Traditionally, acrophobia has been attributed, like other phobias, to conditioning or a traumatic experience involving heights. Recent studies have cast doubt on this explanation;[2] fear of falling, along with fear of loud noises, is one of the most commonly suggested inborn or non-associative fears. The newer non-association theory is that fear of heights is an evolved adaptation to a world where falls posed a significant danger. The degree of fear varies and the term phobia is reserved for those at the extreme end of the spectrum. It has been argued by researchers that fear of heights is an instinct found in many mammals, including domestic animals and human beings. Experiments using visual cliffs have shown human infants and toddlers, as well as other animals of various ages, to be reluctant in venturing onto a glass floor with a view of a few meters of apparent fall-space below it.[3] While an innate cautiousness around heights is helpful for survival, an extreme fear can interfere with the activities of everyday life, such as climbing up a flight of stairs or a ladder or even standing on a chair.

A possible contributing factor is dysfunction in maintaining balance. In this case, the anxiety is both well-founded and secondary. The human balance system integrates proprioceptive, vestibular and nearby visual cues to reckon position and motion.[4][5] As height increases visual cues recede and balance becomes poorer even in normal people.[6] However, most people respond by shifting to more reliance on the proprioceptive and vestibular branches of the equilibrium system.

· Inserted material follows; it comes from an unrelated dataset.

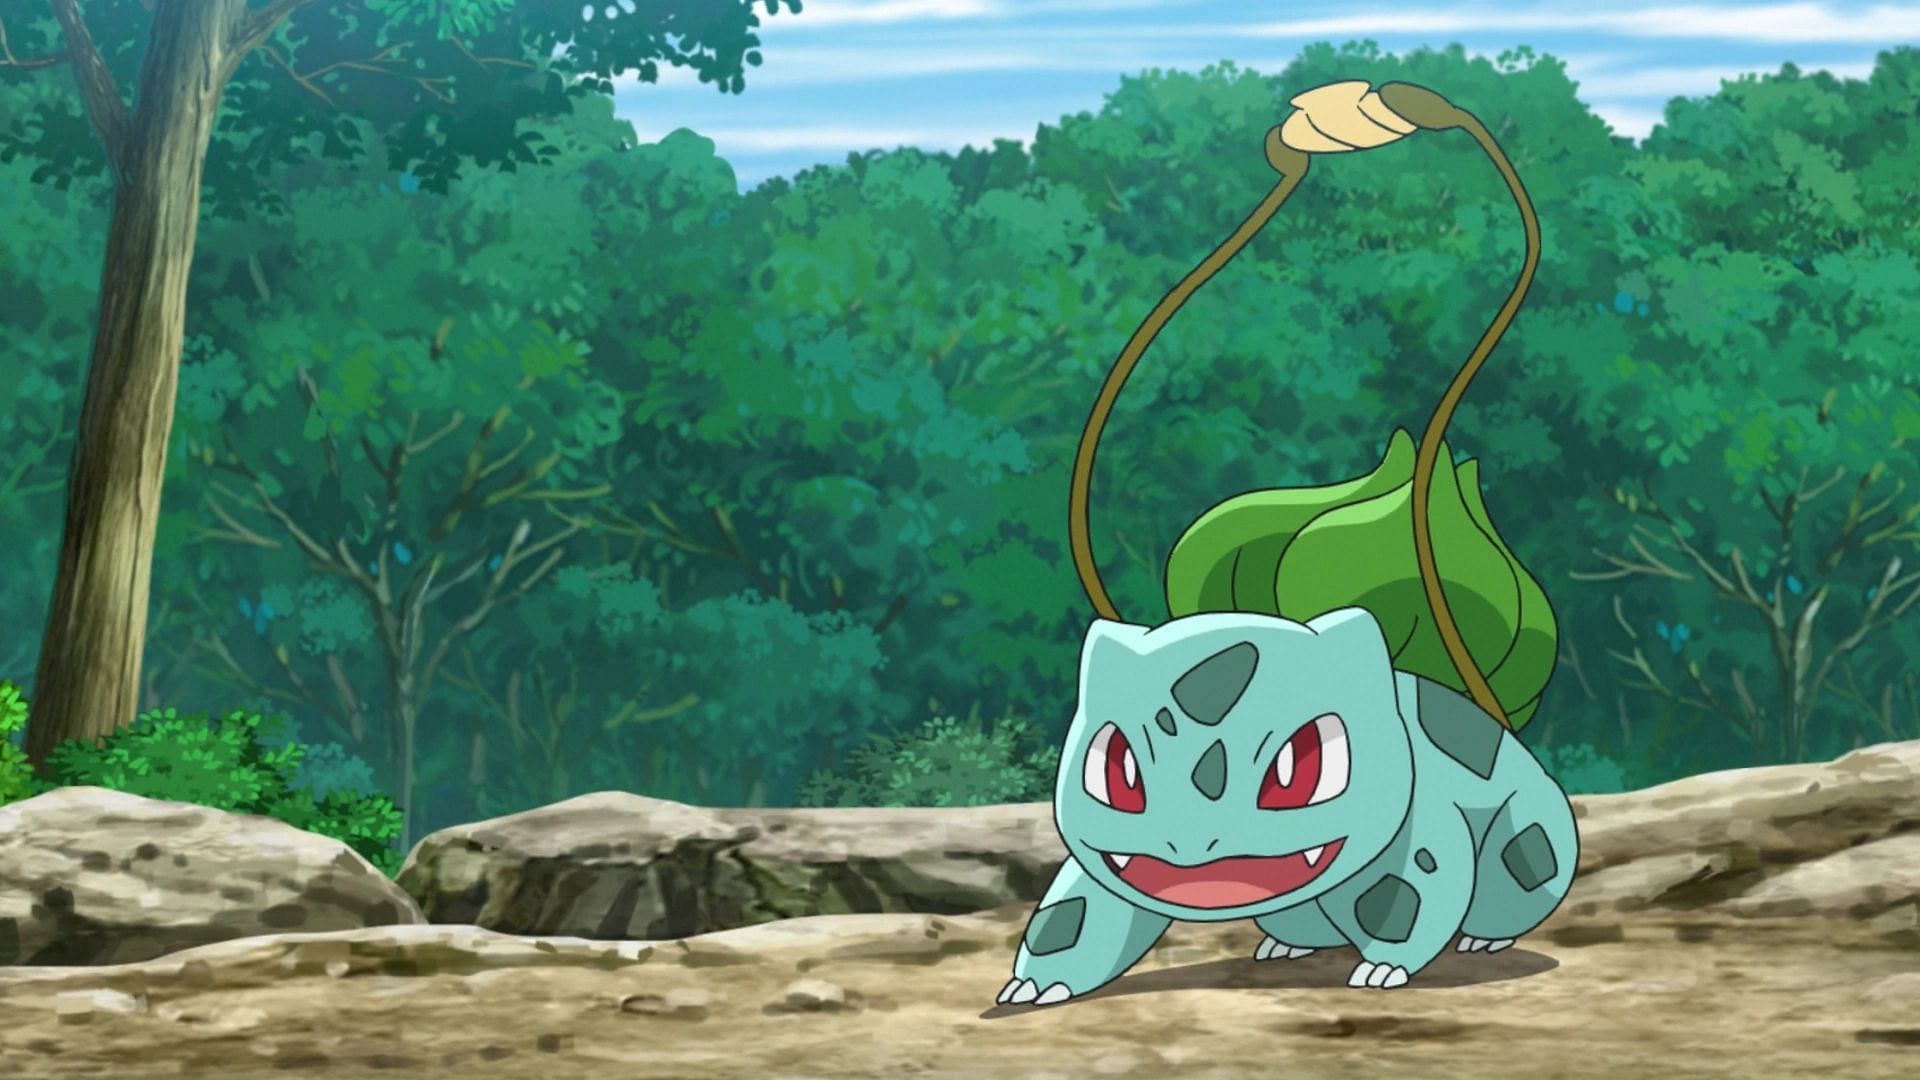 Bulbasaur as it appears in the anime (Image via The Pokemon Company)

An acrophobic, on the other hand, continues to over-rely on visual signals whether because of inadequate vestibular function or incorrect strategy. Locomotion at a high elevation requires more than normal visual processing. The visual cortex becomes overloaded resulting in confusion. Some proponents of the alternative view of acrophobia warn that it may be ill-advised to encourage acrophobics to expose themselves to height without first resolving the vestibular issues. Research is underway at several clinics.[7]

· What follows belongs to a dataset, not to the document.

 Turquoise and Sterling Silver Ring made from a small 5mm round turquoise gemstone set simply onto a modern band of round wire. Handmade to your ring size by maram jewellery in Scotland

Treatment[edit | edit source]

Main article: Phobia treatment

There have been a number of promising studies into using virtual reality as a treatment for acrophobia.[8]

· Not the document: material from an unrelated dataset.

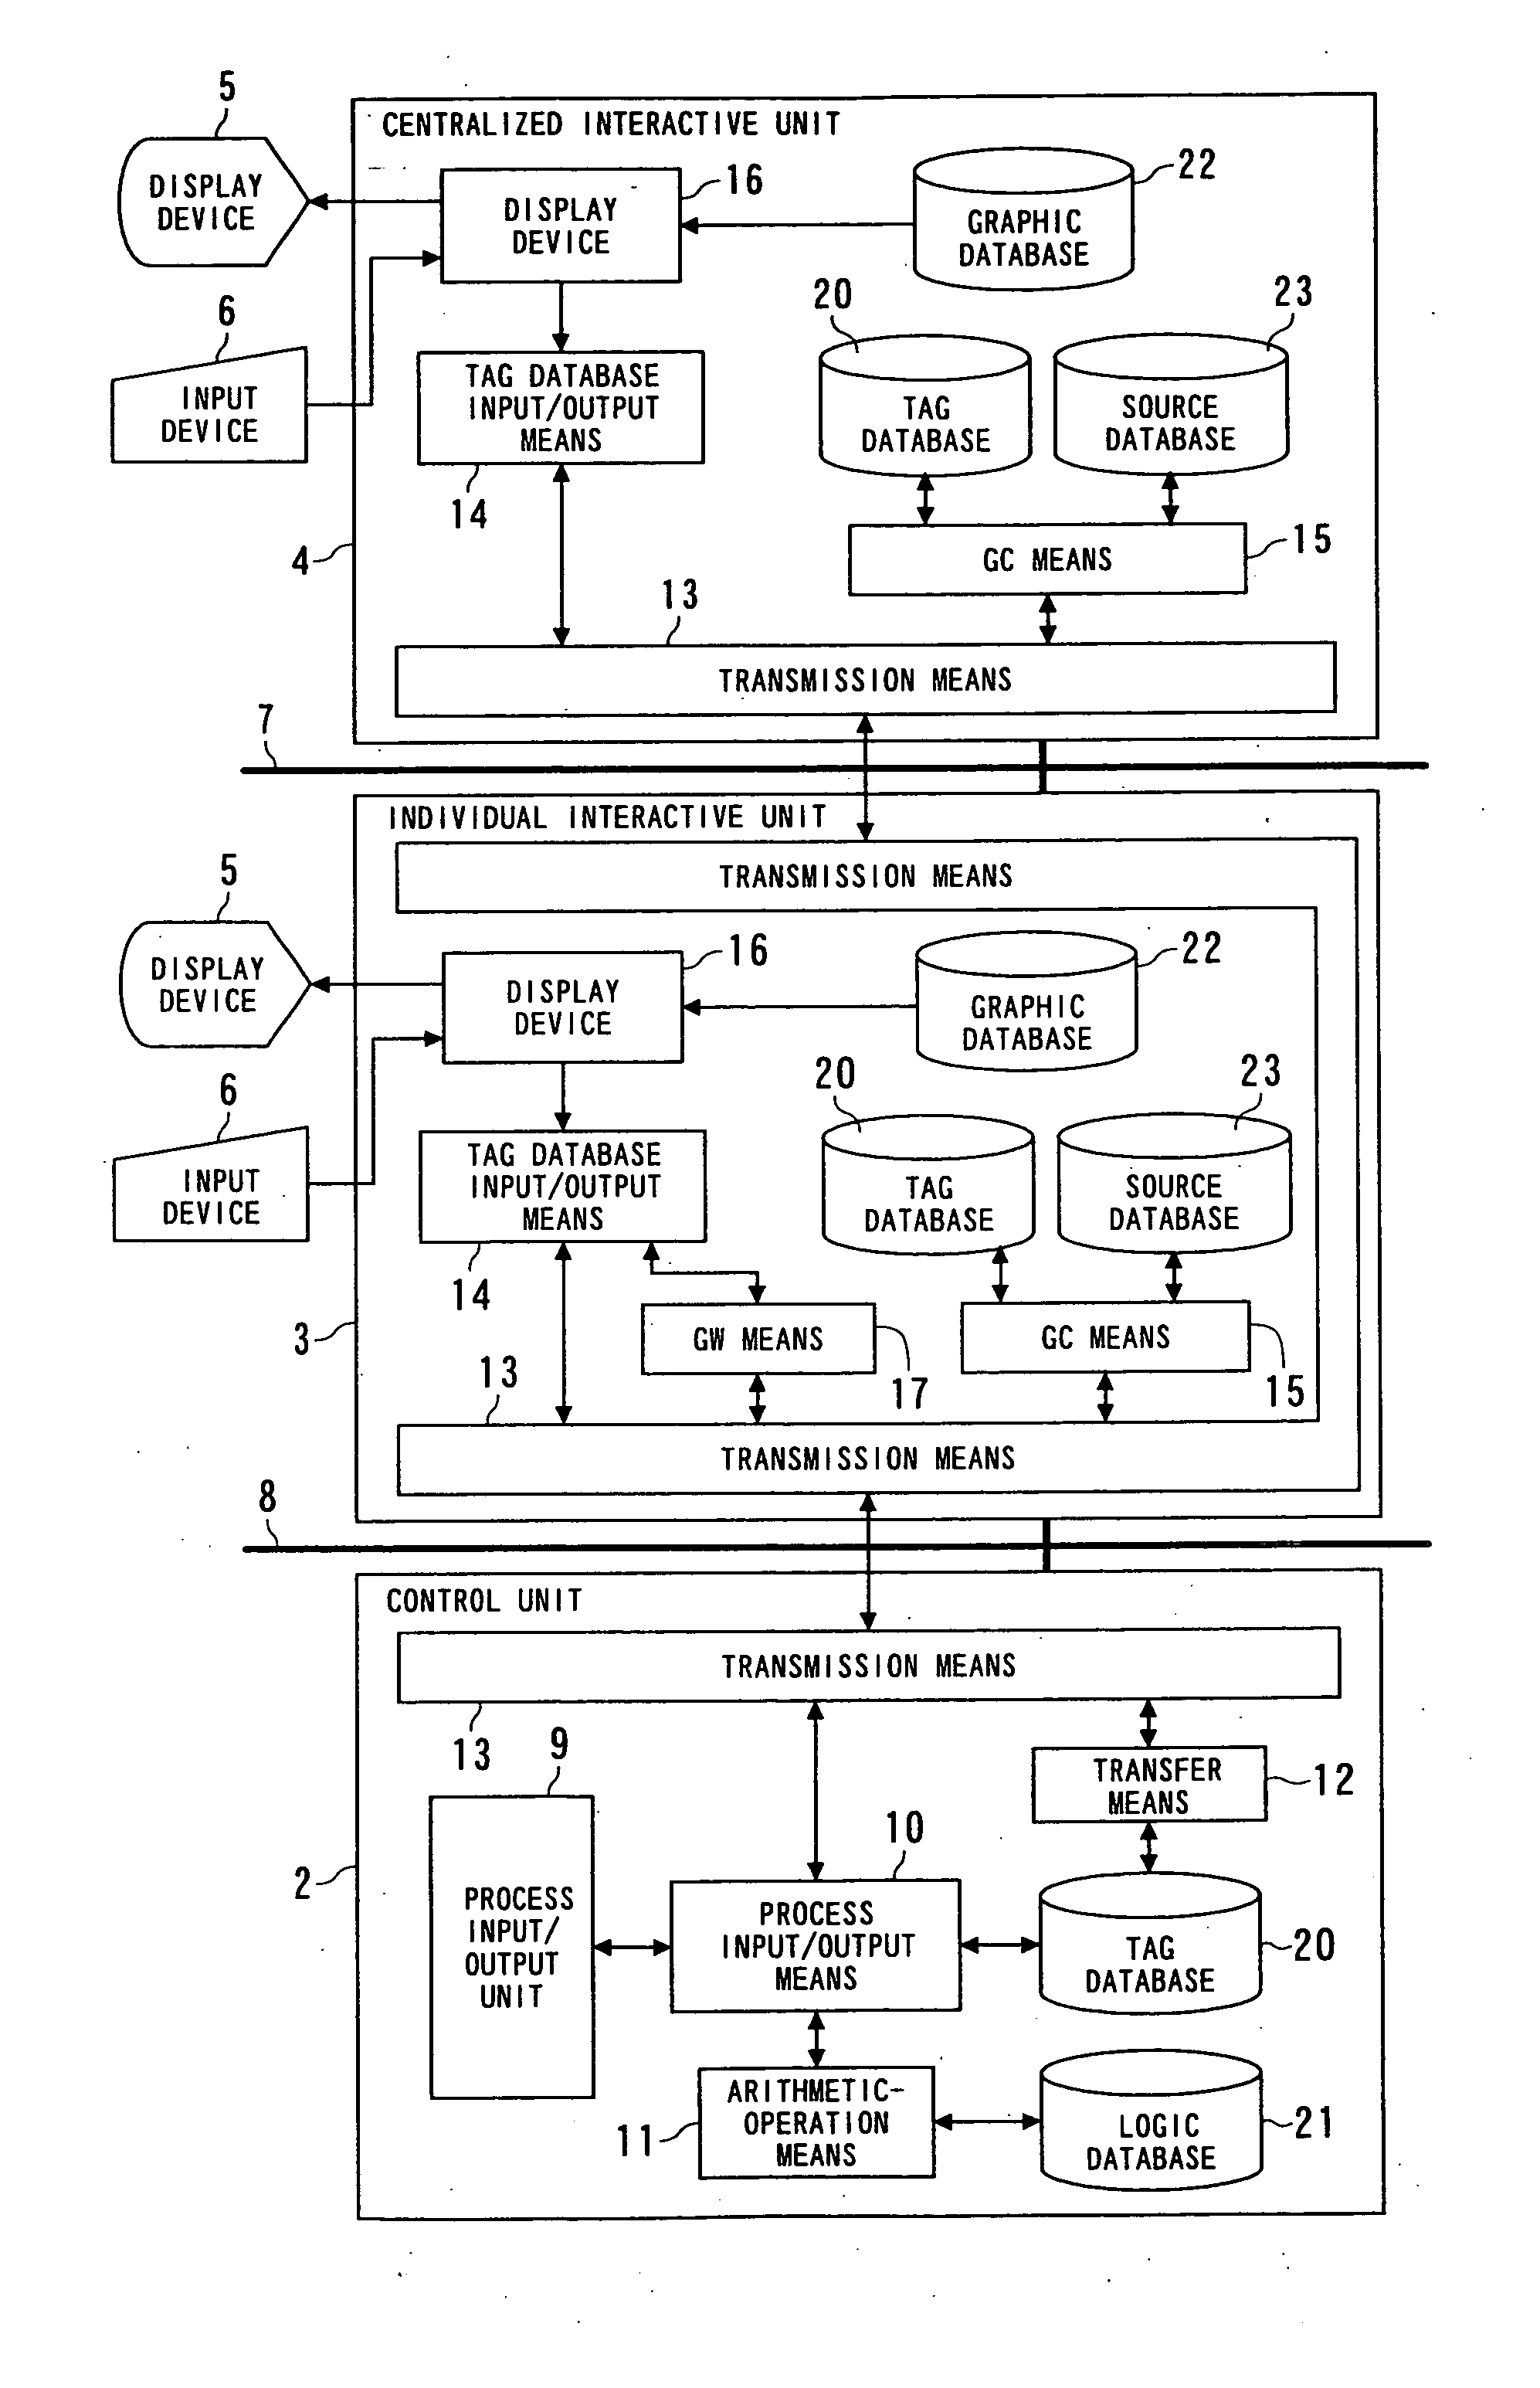 Centralized plant-monitoring controller and method

However, with some sufferers, the causes are unclear.

See also[edit | edit source]

References[edit | edit source]

  1. Juan, M. C., et al. (2005). An Augmented Reality system for the treatment of acrophobia. Presence: 315–318.
  2. Menzies, RG, Clarke, JC. (1995). The etiology of acrophobia and its relationship to severity and individual response patterns. Behaviour Research and Therapy 33 (31): 499–501. 7677717.
  3. Gibson, E. J., Walk, R. D. (1960). The "visual cliff". Scientific American (202).
  4. Furman, Joseph M (May 2005). Acrophobia and pathological height vertigo: indications for vestibular physical therapy?. Physical Therapy.
  5. Jacob, Rolf G, Woody, Shelia R; Clark, Duncan B. et al. (December 1993). Discomfort with space and motion: A possible marker of vestibular dysfunction assessed by the situational characteristics questionnaire. Journal of Psychopathology and Behavioral Assessment 15 (4): 299–324.
  6. Brandt, T, F Arnold, W Bles, T S Kapteyn (89). The mechanism of physiological height vertigo. I. Theoretical approach and psychophysics. Acta Otolaryngol (5-6).
  7. Whitney, SL, Jacob, Rolf G; Sparto, BG (May 2005). Acrophobia and pathological height vertigo: indications for vestibular physical therapy?. Physical Therapy 85 (5): 443–458.
  8. Emmelkamp, Paul, Mary Bruynzeel, Leonie Drost, Charles A. P. G van der Mast (1 June 2001). Virtual Reality Treatment in Acrophobia: A Comparison with Exposure in Vivo. CyberPsychology & Behavior 4 (3): 335–339.